Однако восстановить до мельчайших ветвей генеалогическое древо семейства Висконти — задача такой сложности, что одному эрудиту, который в 1910 году взялся за нее, пришлось в конце концов отступить: во-первых, не хватало многих документов (множество архивов погибло при пожарах), во-вторых, рисунок кроны этого древа содержал слишком много ветвей — как родных, так и привитых. Снимая «Людвига», Висконти с не меньшим интересом прослеживает свою связь с проклятым родом Виттельсбахов. Тщеславный отец Лукино возводил свой род к самому древнему корню, к первому великому Висконти — архиепископу Оттону (1208–1295). Сам Висконти далек от такой гордыни — тем не менее, подобно Леопарду Джузеппе Томази ди Лампедузы, он знает, что «носить знатный титул — значит обладать особенными традициями, то есть неповторимыми, редчайшими воспоминаниями». Носить благородное имя — значит также и соблюдать целый ряд жизненных правил, которых неукоснительно придерживаются все новые члены семьи по отношению к своим предкам: девочки — по отношению к тем далеким княжнам, которых тоже звали Убертами, Вивидами, Виолантами, а мальчики — к тем сеньорам, о которых рассказывается в легендах и учебниках истории. На старинных гравюрах они, как и предки Фабрицио дель Донго, изображены с обнаженной шпагой в руке, готовые нанести удар: среди них Галеаццо (1277–1328), Джованни (1290–1354), Джан Галеаццо (1351–1402), Бернабо, Эрипрандо и, разумеется, Лукино, сей ужасный воитель, который умер в 1349 году (если верить молве, он был убит собственной супругой).

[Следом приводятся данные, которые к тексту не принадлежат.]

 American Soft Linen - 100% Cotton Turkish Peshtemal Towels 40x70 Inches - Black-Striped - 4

Невозможно укрыться от этого присутствия предков, память о которых все еще живет здесь повсюду — в великих каменных книгах, в руинах, в монументах, в надгробных надписях, в статуях и в фамильных гербах. Все это — существенные черты физиономии Милана, и все эти висконтиевские знаки разбросаны по всей Ломбардской равнине, а также и далеко за ее пределами, вплоть до самых дальних уголков Пьемонта, Тосканы и Венето. Невозможно остаться в стороне от этого сонма диковинных историй и легендарных образов, которые влечет за собой имя рода Висконти — вместе с пылью, кровью и золотом веков.

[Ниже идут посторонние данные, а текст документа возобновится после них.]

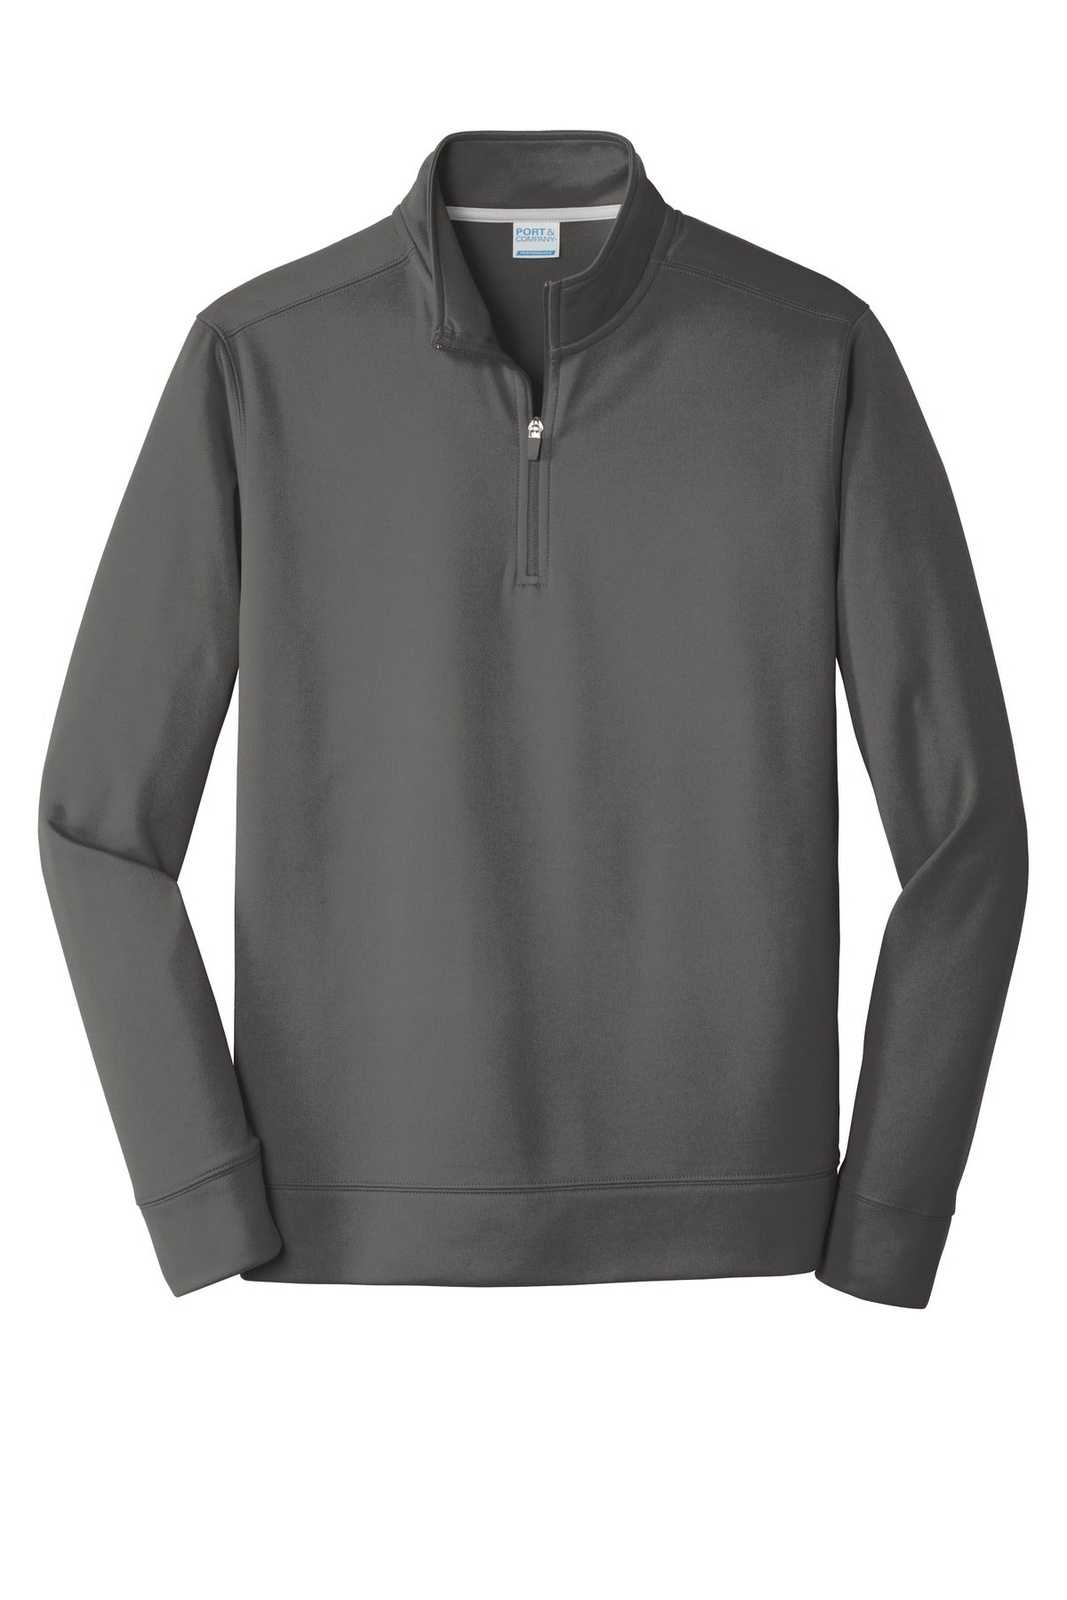 Port &amp; Company PC590Q Fleece 1/4-Zip Pullover Sweatshirt - Charcoal - HIT a Double - 5

Родовое имя Висконти было дорого и Стендалю, который не только хотел взять его для своего собственного псевдонима, но также упоминает его в предисловии к «Пармской обители» — роману, который был хорошо знаком Лукино. Однако, с сожалением говорит нам автор «Рима, Неаполя и Флоренции», эти двенадцать «великих» Висконти, которые с XIII по XV век своим неудержимым восхождением, взаимными распрями, триумфами и падениями заняли авансцену, еще ждут своего историка. Никто не взялся за перо, чтобы написать эту «потрясающую историю», которая, подсказывает он, могла бы иметь два названия: «Красота истории Милана» и «Введение в изучение человеческих сердец». Стендаль восторженно пишет, что в те времена «исполинские страсти Средних веков полыхали со всей своей неистовой силой… В этих пламенных душах не было места для притворства».

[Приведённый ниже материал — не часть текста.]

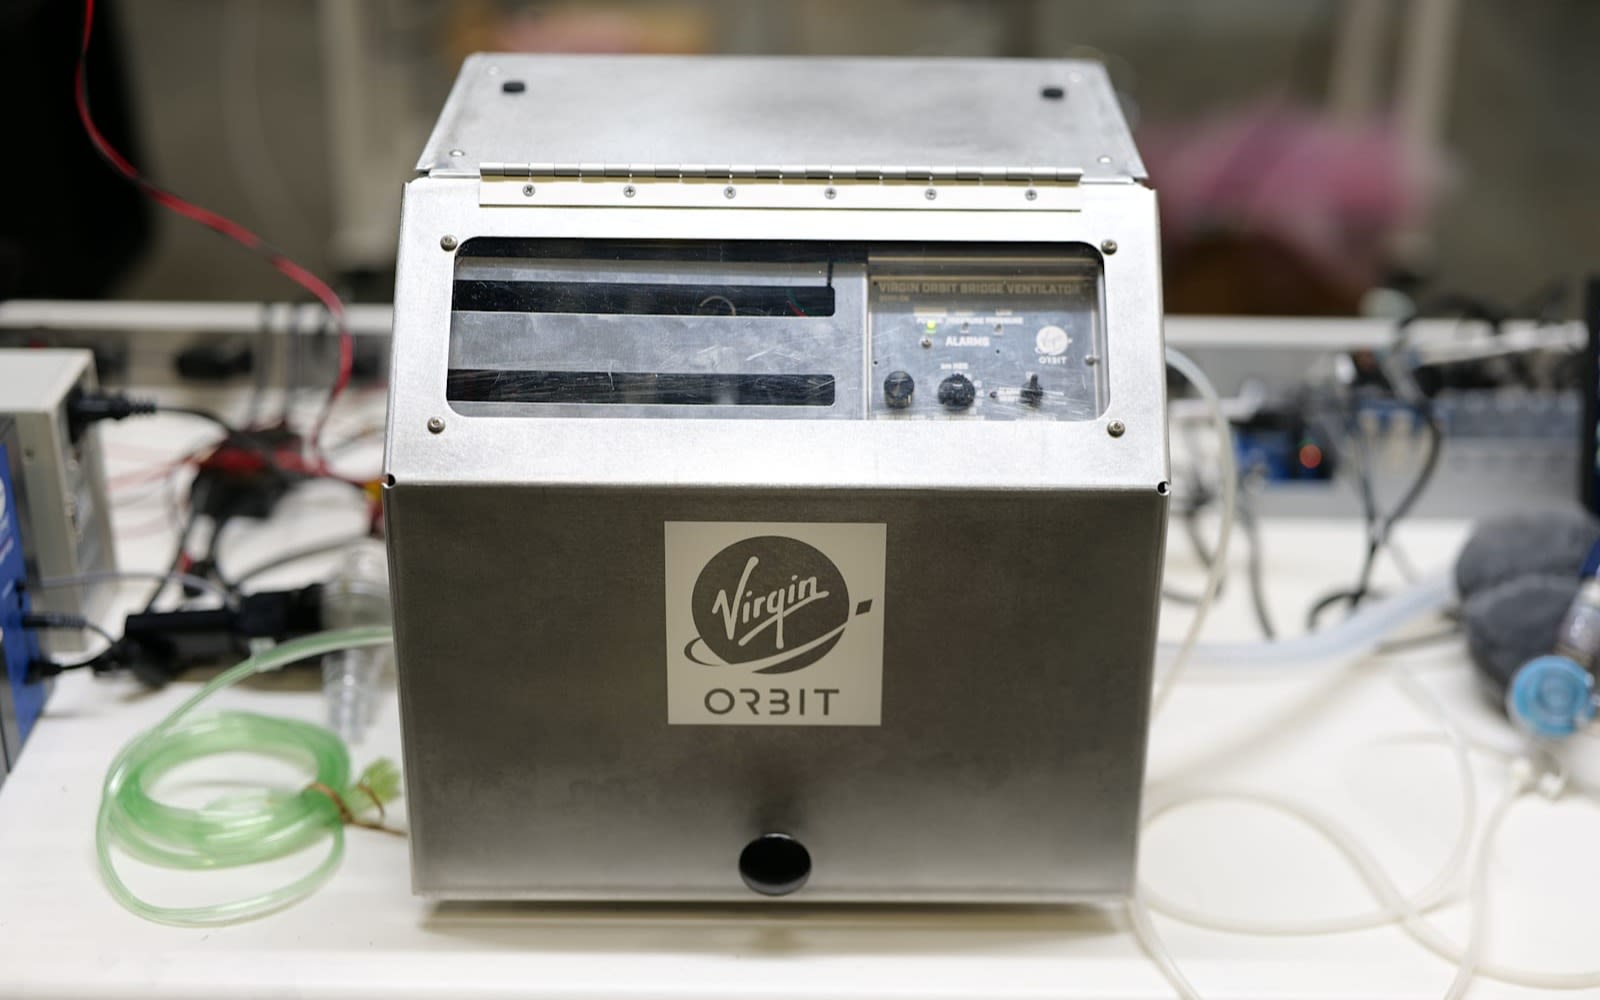 Silver cased ventilator on work bench with Virgin Orbit logo

Более верный истинному характеру семьи Висконти, чем его отец, герцог де Граццано, Лукино впитал «неистовую силу» и «пламенный дух» своих угрюмых предков именно через серые и холодные камни их зданий, через их преступления, их руины и всю ту музыку вековых глубин, аккордами которой отзывались в его душе масштабные исторические мелодрамы. Лукино было всего лишь двенадцать, когда он сочинил свою первую пьесу «Тиран», в это же время он ночами напролет лихорадочно читает и перечитывает Шекспира. Есть ли более ясное фантастическое зеркало, в котором он мог бы столь же отчетливо увидеть отражение самой главной страсти всех Висконти: жажды Власти? Существует ли более подлинное описание их зверств, их вероломств и преступлений, их кошмаров?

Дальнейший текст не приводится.